Thirty x Thirty x Thirty and so on

Since, ${ 30 }^{ x }={ 2 }^{ x }{ 3 }^{ x }{ 5 }^{ x }$ .We need to find the power of $5$ in $345!$ ,i.e. $=\left\lfloor \frac { 345 }{ 5 } \right\rfloor +\left\lfloor \frac { 345 }{ 25 } \right\rfloor +\left\lfloor \frac { 345 }{ 125 } \right\rfloor +\left\lfloor \frac { 345 }{ 625 } \right\rfloor +...\\ =69+13+2+0+0+0+....\\ =\boxed{84}$

The Power of 2 in 345! =

[345/2] + [345/4] + [345/8] + [345/16] +[345/32] +[345/64] +[345/128] +

[345/256] + [345/512] + ............ = 172 + 86 + 43 + 21 + 10 + 5 + 2 + 1 + 0 + 0 + .......

= 340

The power of 3 in 345! =

[345/3] + [345/9] +[345/27] +[345/81] +[345/243] +[345/729] + .... =

115 + 38 + 12 + 4 + 1 + 0 + 0 + ..... = 170

The power of 5 in 345! =

[345/5] +[345/25] +[345/125] +[345/625] + ... = 69 + 13 + 2 + 0 + 0 + ..... = 84

Then

345! = (2^340)(3^170)(5^84)(7^a)(11^b)(13^c) .... .............. (1)

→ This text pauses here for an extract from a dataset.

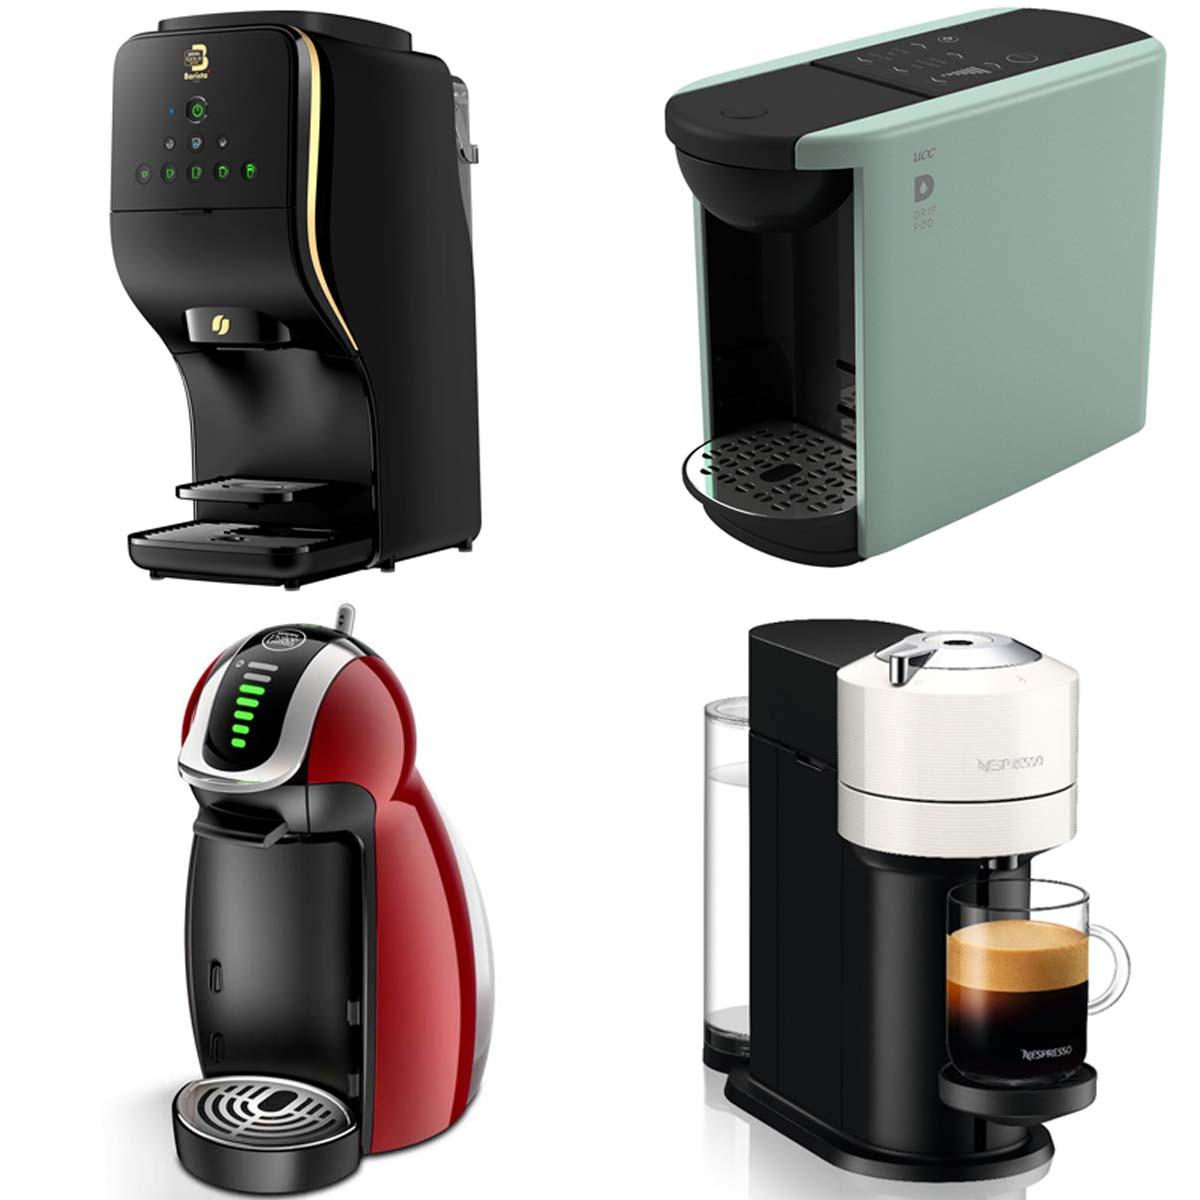 ボタンひとつで本格派! カプセル式コーヒーメーカー大集合

30^x = (2^x)(3^x)(5^x) ................... (2)

From (1), (2)

x = ............., -4, -3, -2, -1, 0, 1, 2, 3, 4, ........., 84

Then, the maximum value of x = 84

This can be expressed as 345!/(2 * 3 * 5)^x which then can be expressed as 345!/(2^x * 3^x * 5^x) We can then find the number of times 2, 3, or 5 becomes a factor in 345! The least number of times becomes x. Because 5 is the biggest and there are all in the same exponent of 1 we can simply consider 5 as there will be more 3s or 2s in the numerator

The number of 5s in the expression 345! or 1 x 2 x 3 x ..... x 345 can be shown by: Numbers Divisible by 5 + Numbers Divisible by 25 + Numbers Divisible by 125 The reason is that 25 = 5 x 5 and you can have 2 5s there but one is already counted when we got the numbers divisible by 5, similarly the numbers divisible by 125 would have 5 x 5 x 5 but 2 of the 5s are counted by divisibility of 5 and 25 so we need to add only 1 more for every number divisible by 125.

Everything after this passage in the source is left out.